ARE THERE ANY BRIGHT SPOTS YET?
While LCCs are not alone in battling the impact of the coronavirus outbreak, some have felt the effects more acutely than their legacy peers.
Shukor Yusof, founder of aviation consultancy Endau Analytics, tells FlightGlobal that some low-cost carriers entered the pandemic “in bad shape” already, having expanded too rapidly.
“The crisis exacerbates the decline,” Shukor adds.
However, he believes that low-cost carriers are more nimble in adapting to the crisis, and should be able to recover faster, compared to their full-service peers.
Given that a global recession over the next few years would dampen corporate travel appetite, Shukor suggests low-cost carriers, with their dependence on leisure, stand to benefit.
He also cites a point-to-point network — “less dependence on hub aggregation” — as well as a short-haul and intra-regional operating network, as being beneficial to low-cost carriers.
Shukor adds that consolidation in the low-cost sector will be inevitable amid the crisis, while the agility of the low-cost carriers allows them to better weather the storm.
Nonetheless, he adds: “Low-cost carriers are able to withstand [the crisis] better than full-service carriers, as [their] strategy is more robust and costs are lower.”

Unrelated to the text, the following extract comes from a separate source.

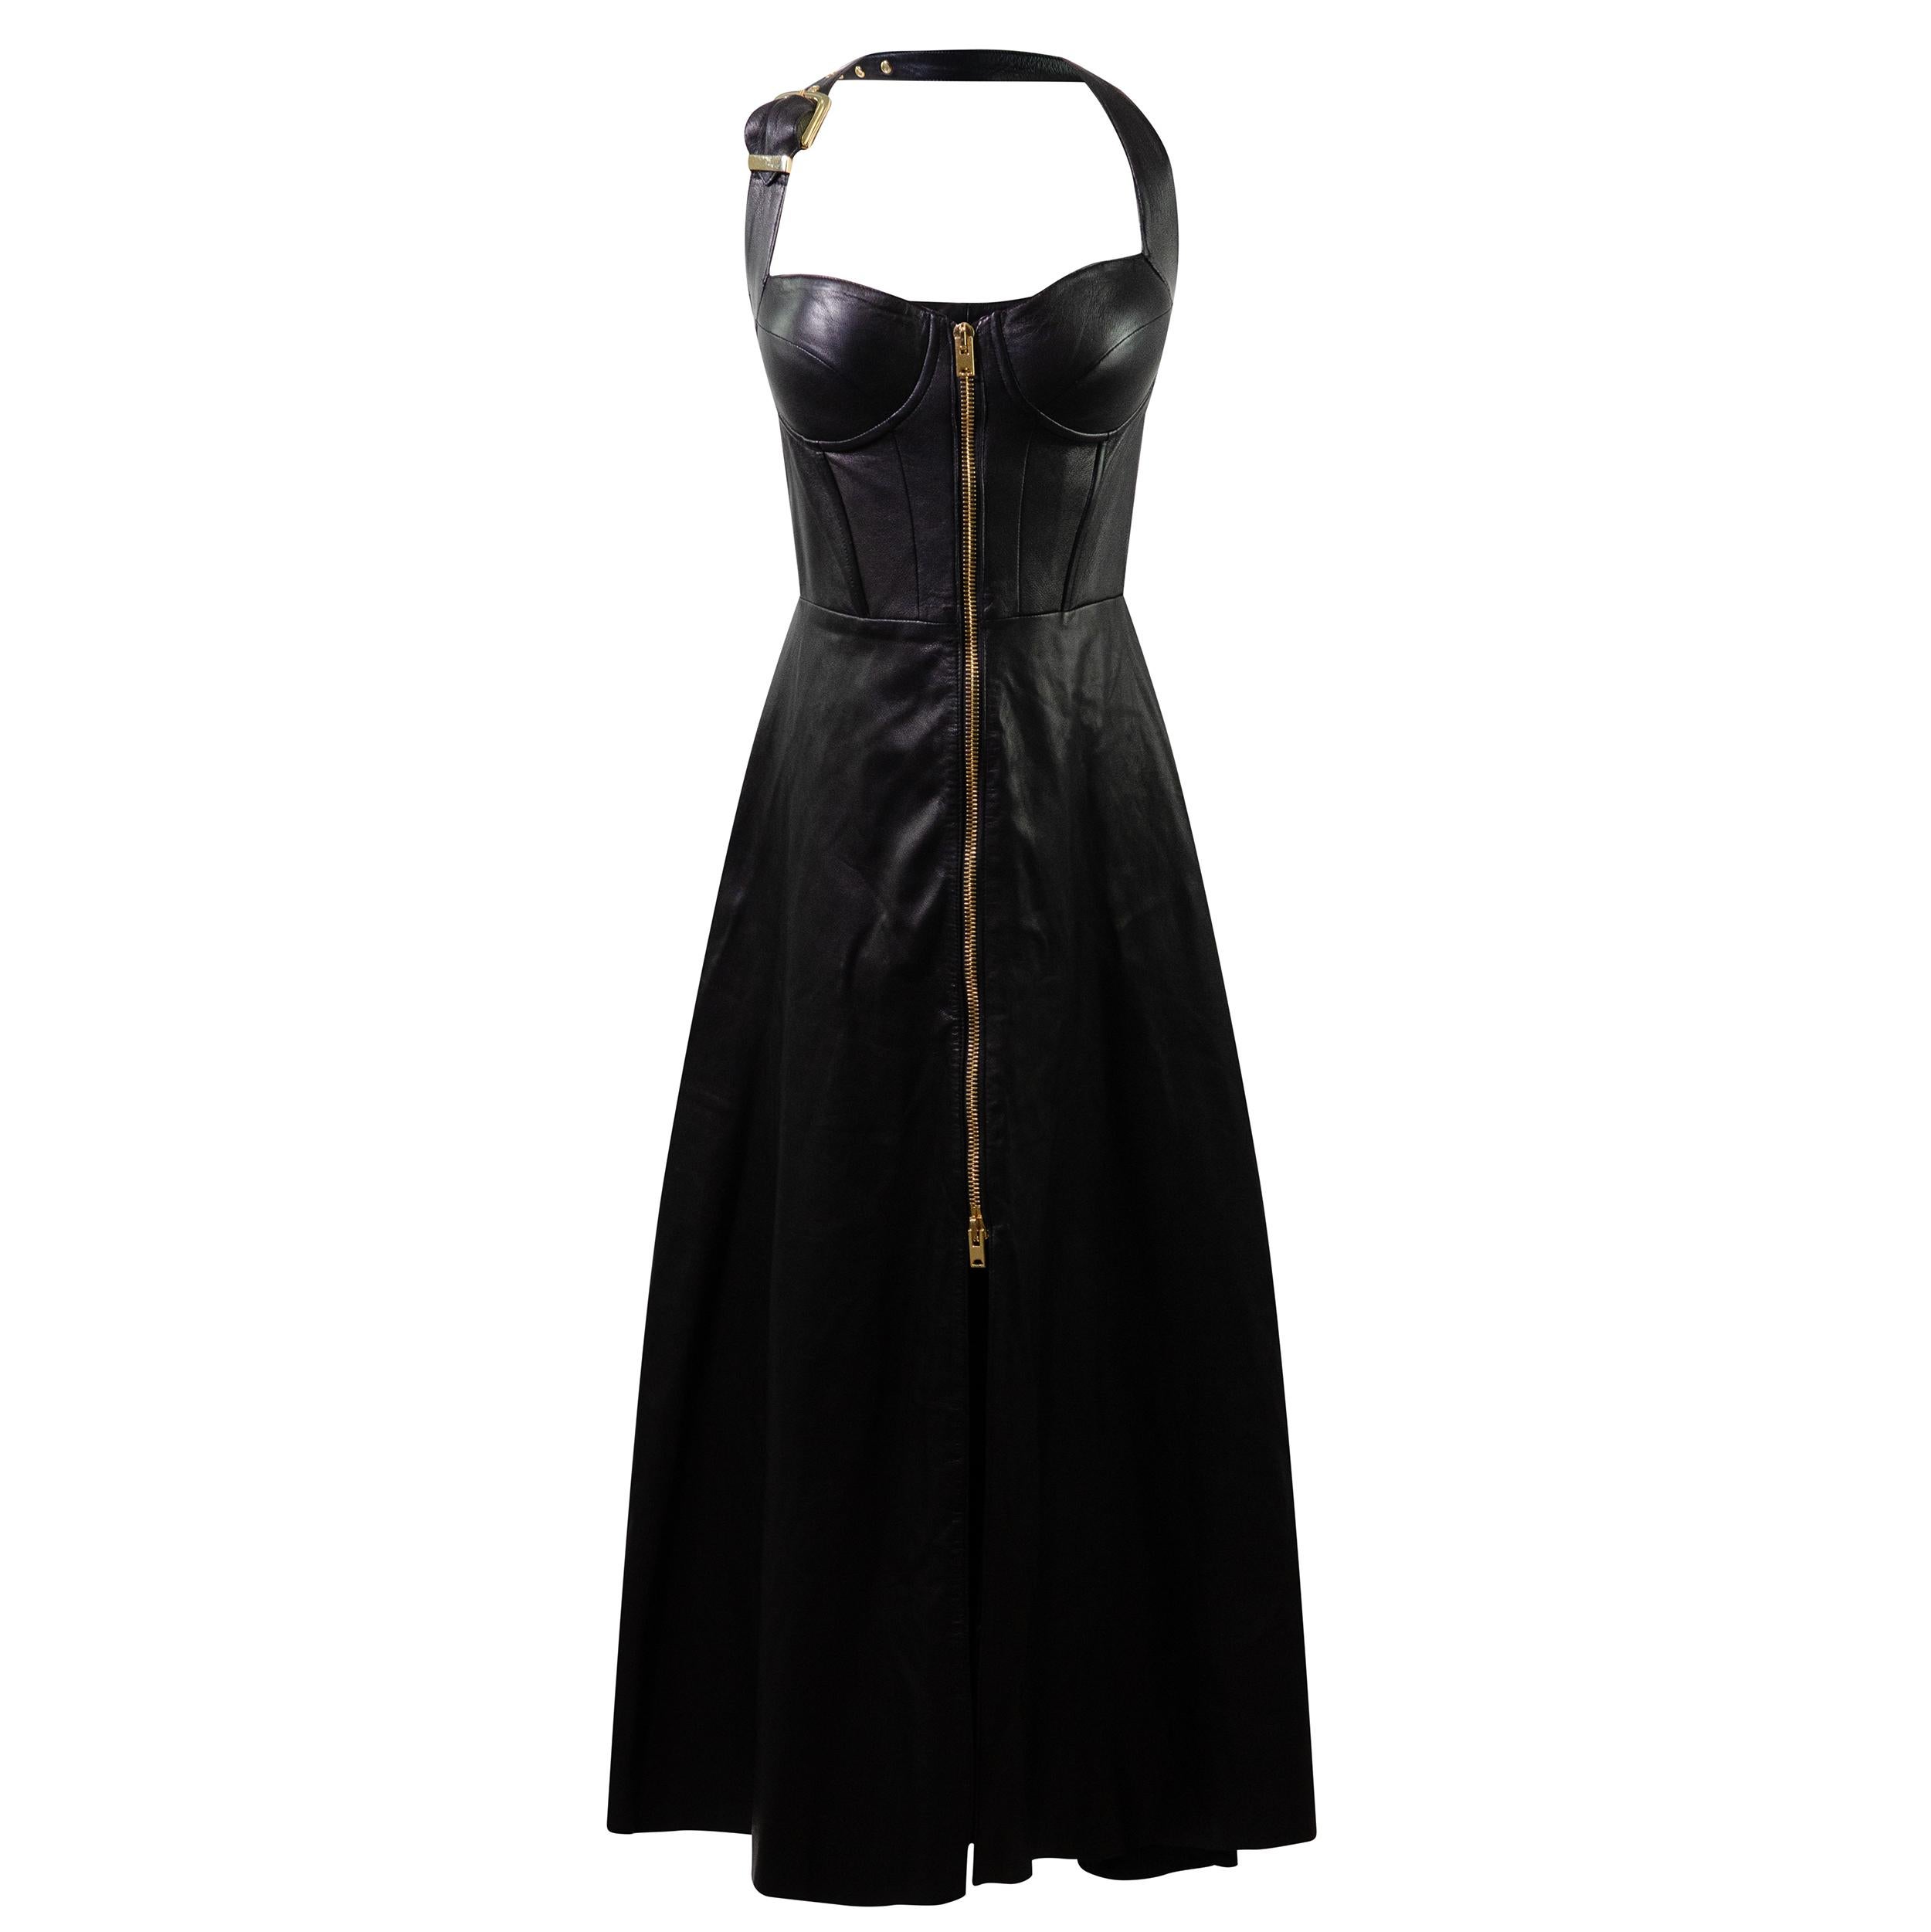 NATASHA ZINKO Leather Zip up Corset Dress S For Sale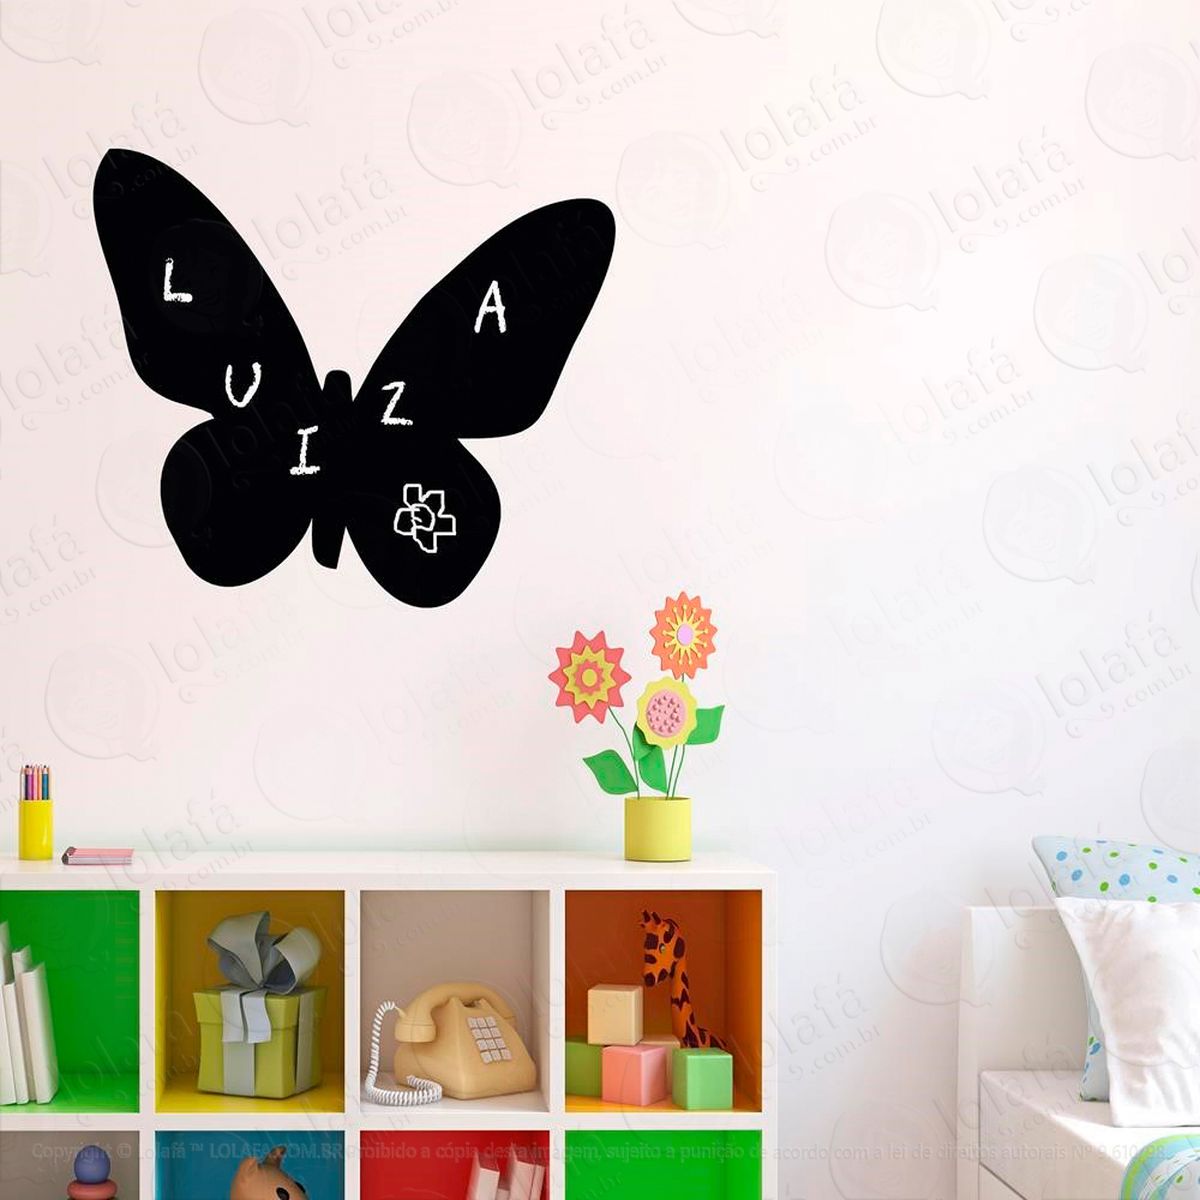 borboleta adesivo lousa quadro negro de parede para escrever com giz - mod:289

And as recent events have shown, low-cost carriers are slowly beginning to adapt with the “new normal” the pandemic has brought about, from venturing into new revenue streams, or simply by looking at its own backyard.
Scoot, for instance, recently modified one Airbus A320 into a temporary freighter, tapping on demand as an alternative revenue source. That aircraft has already flown its first flight from Fuzhou, and will operate four more cargo charters by the end of August.
Scoot is also in the process of converting a second A320 in its fleet into a similar configuration, as it hopes to grow cargo capacity while international passenger travel demand remains closed off for now.
As for AirAsia, it said in its latest quarterly earnings that it will focus on domestic recovery as an immediate priority, as lockdowns imposed by local governments begin to ease up.
Fernandes, commenting on the second-quarter results, took on a more optimistic tone. He said the group has reduced its costs “significantly” — through network optimisation and improved pricing strategies — in recent months, and is “actively exploring” capital raising opportunities in its operating markets to help in cash flow levels.
“We believe we have set the right foundations for the airline in the second quarter of 2020 as we move into the second half of the year, with the continued understanding of our customers and support from our lessors, hedge counterparties and business partners,” he said.
For Asian low-cost carriers, it will be agility that will, hopefully, see them through this difficult period, even as many will emerge looking somewhat different from their former selves.